This projection has several major drawbacks: most notably, as the latitude \theta increases toward 90^\circ, the slope of \tan(\theta) becomes increasingly steep, and the y-coordinates of the point of the map increases towards infinity. At high latitudes, the map is very distorted.

The map is not equal-area — in an equal-area map, shapes of equal area on the sphere have equal area on the projection. Looking at the map we created, this is clearly not the case. Neither is the map conformal, or shape preserving. In a conformal map, the angle between any two lines must be the same as their counterparts on the map.

Mercator’s Projection

One of the most well known cylindrical map projections is Mercator’s projection. Invented by Belgian cartographer Gerardus Mercator in 1569, Mercator addresses some of the problems in older cylindrical projections. Unlike our projection, Mercator’s projection is conformal, and it has been used for navigation for centuries:

However, the equations for Mercator’s projection are rather complicated. The position on Mercator’s projection, when given the latitude and longitude, is:

x = \lambda

y = \ln ( \sec \theta + \tan \theta )

This is a strange and seemingly random formula. But when we use this formula, we get a conformal map. How does this work?

Deriving Mercator’s Projection

Before deriving the formula for Mercator’s Projection, we take a step back and ask ourselves — what was the projection for in the first place?

Unlike most maps today which are used to decorate walls, Mercator’s map was more than that — it was used for nautical navigation. Suppose you were to travel by ship from Vancouver to Honolulu, equipped with nothing more than a compass. Which direction should you travel?
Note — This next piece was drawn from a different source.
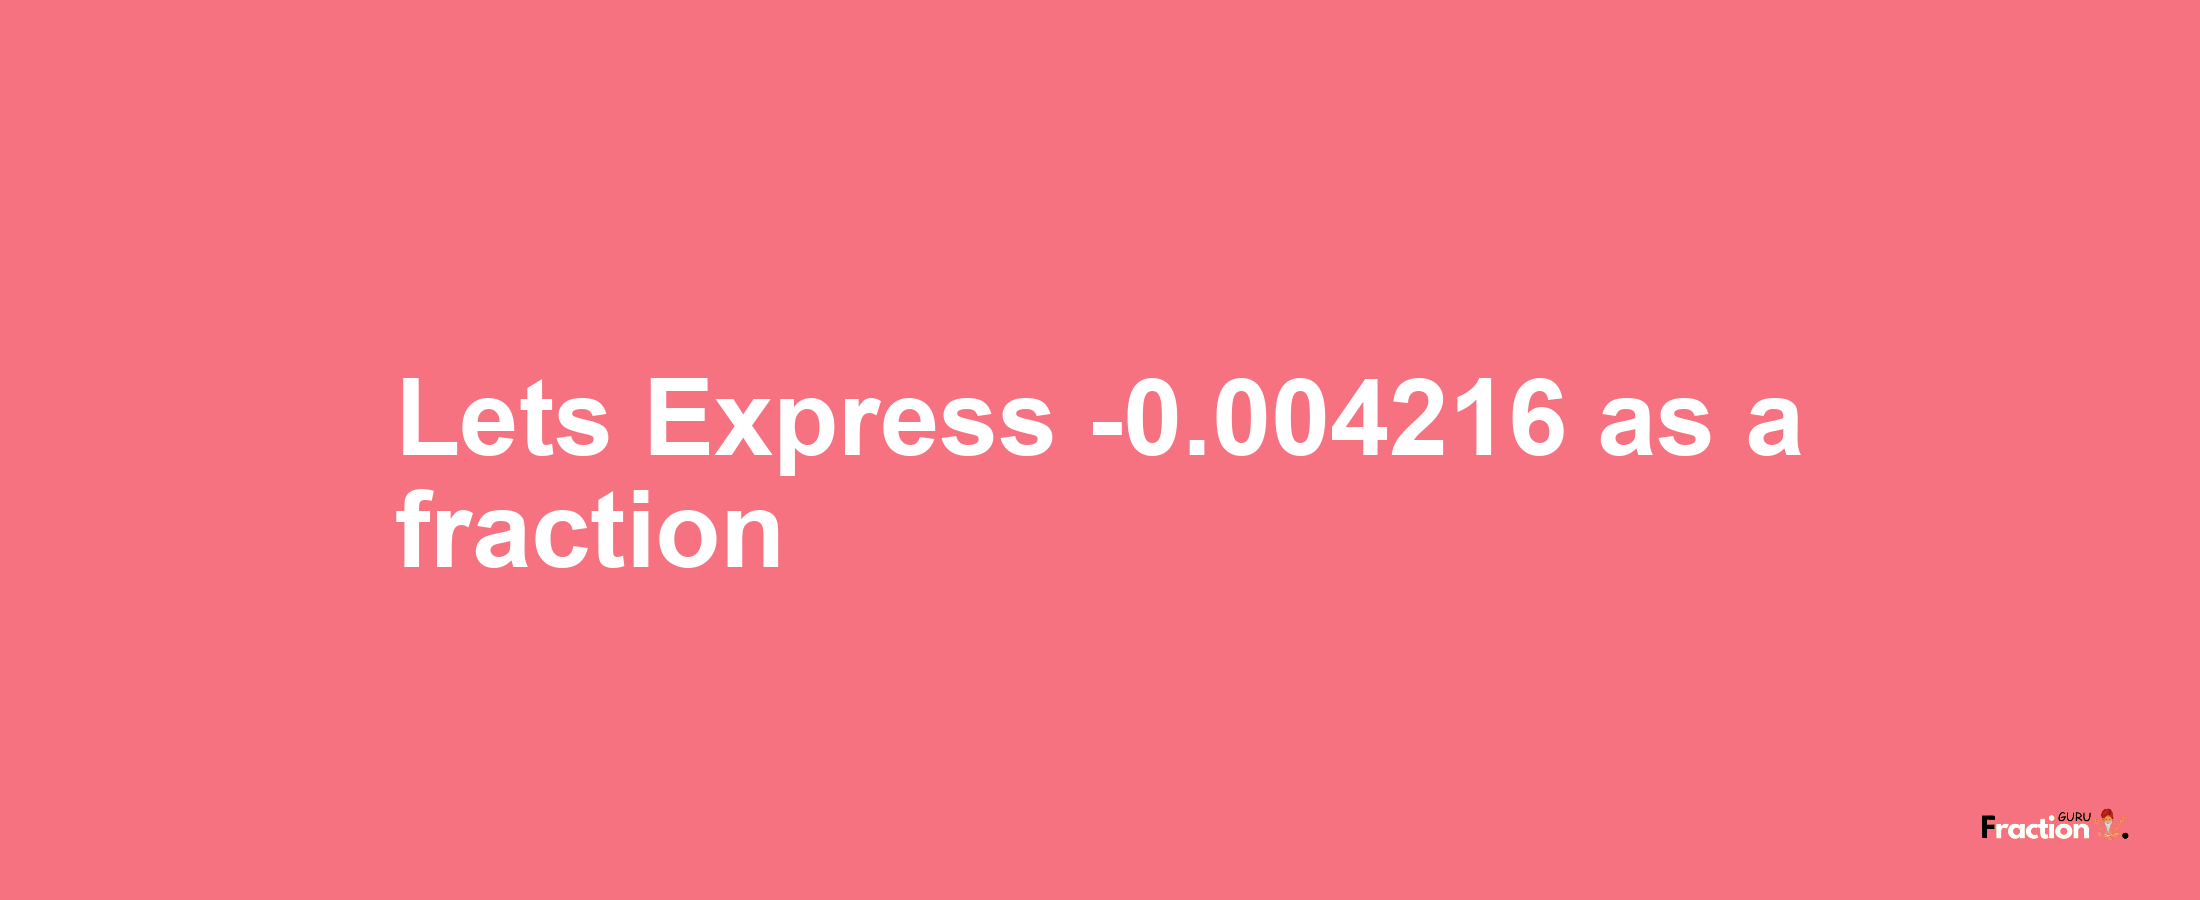 Lets Express -0.004216 as afraction
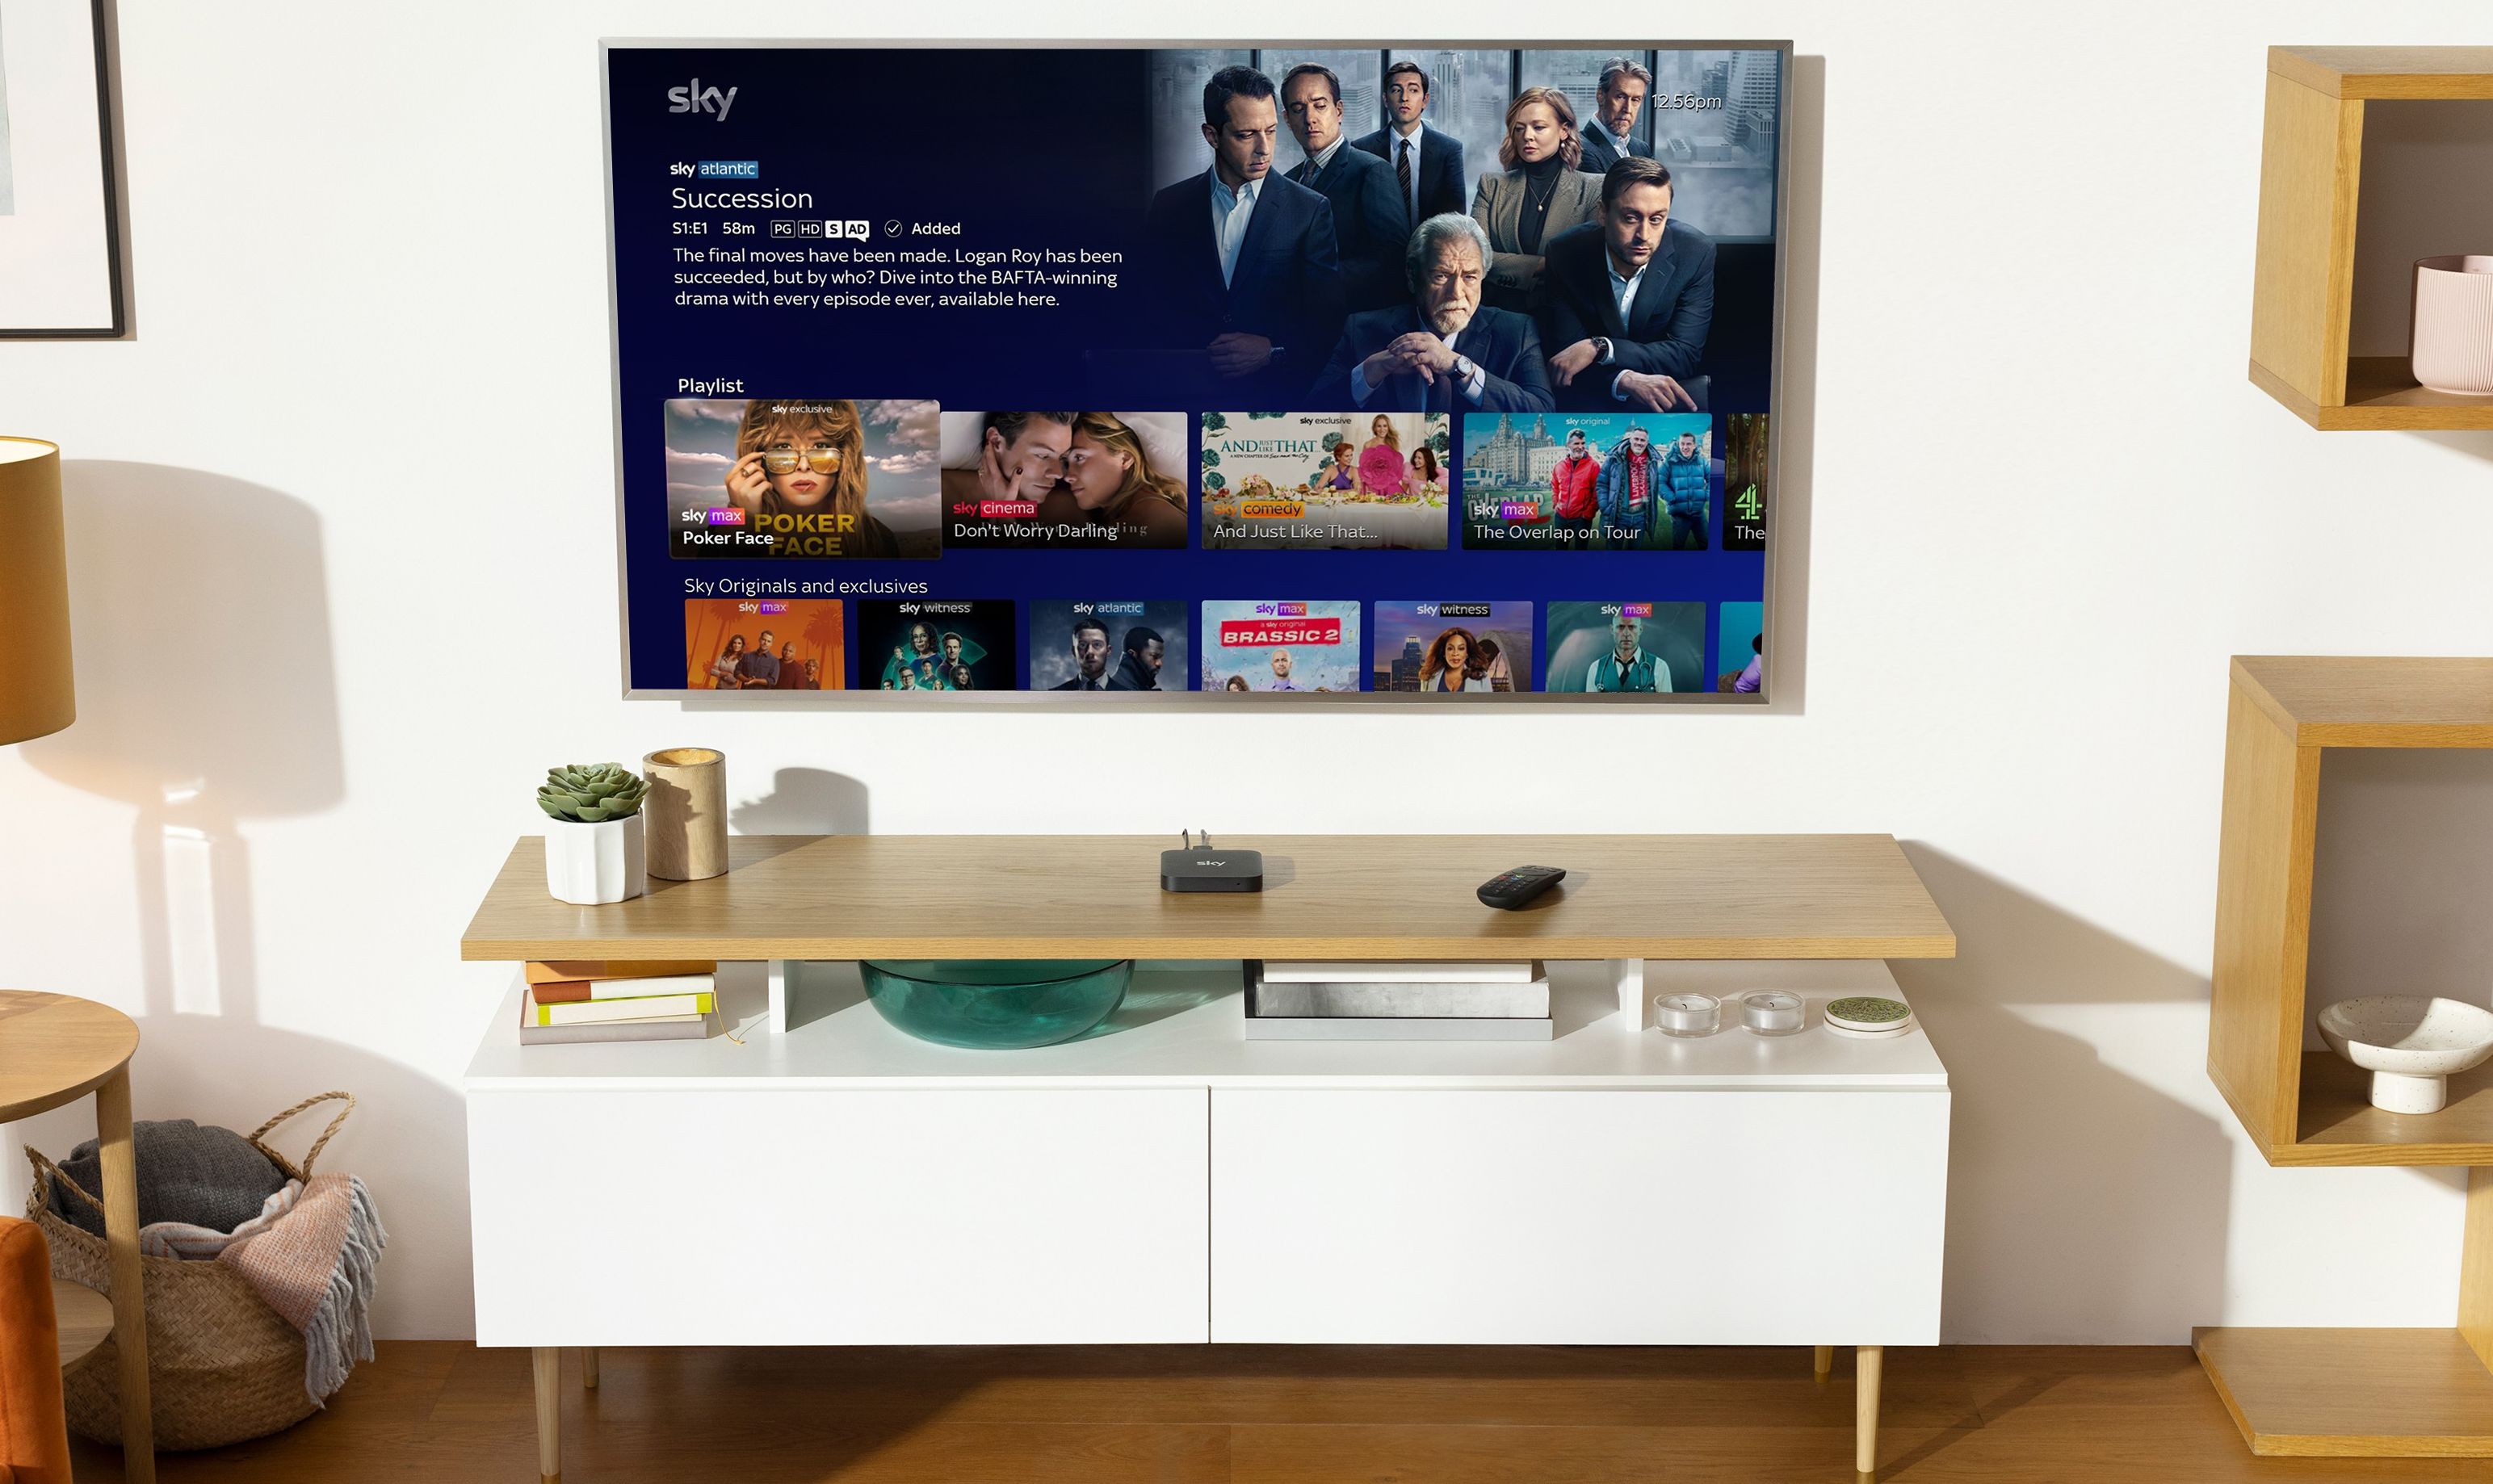 sky stream box is pictured on a media unit with a flatscreen tv showing succession

Now if you have a copy of Mercator’s map, this becomes simple. You draw a straight line from Vancouver to Honolulu, and with a protractor you find that the direction is 40^\circ south to the parallel. With a compass, it would be easy for you to maintain this constant heading for the entire duration of the trip.

(Footnote — The straight line on Mercator’s map is not straight on the Earth — it is actually a curved line, called a rhumb line. That is, after taking an initial bearing, one proceeds along the same bearing (relative to the north pole) for the duration of the trip. In the example, you would have to adjust your heading intermittently so that you are always heading at the direction 40^\circ south to the parallel.)

This technique is possible because it relies on one crucial property of Mercator’s map: that it is conformal. It would fail if we tried the same technique on the cylindrical projection given in the introduction.

However, notice that on Mercator’s map, all parallels have the same length: a parallel is simply a line across the width of the entire map. But on Earth, a sphere, parallels are longer when they are closer to the equator and shorter when near the poles:

Let the Earth be a unit sphere with center A. D is a point on the surface of the Earth and B is its corresponding point on the equator. Let C be a point such that CD is parallel to AB and AC is perpendicular to AB. As AB = 1, the circumference of the Earth at the equator is 2 \pi. But the circumference at latitude \theta is only 2\pi \cos \theta.

It is easy to see why: as AB || CD in the diagram, it follows that angles \angle DAB and \angle ADC are equal. Next, \cos \angle ADC = \frac{CD}{AD} = \frac{CD}{1} = CD, therefore CD = \cos \theta. The result follows.

On the map, the length of the equator and the parallel at latitude \theta are equal. But on Earth, the parallel at latitude \theta is smaller than the equator by a factor of \cos \theta; in the projection any line at latitude \theta ends up being stretched horizontally by a factor of \frac{1}{\cos \theta} or \sec \theta.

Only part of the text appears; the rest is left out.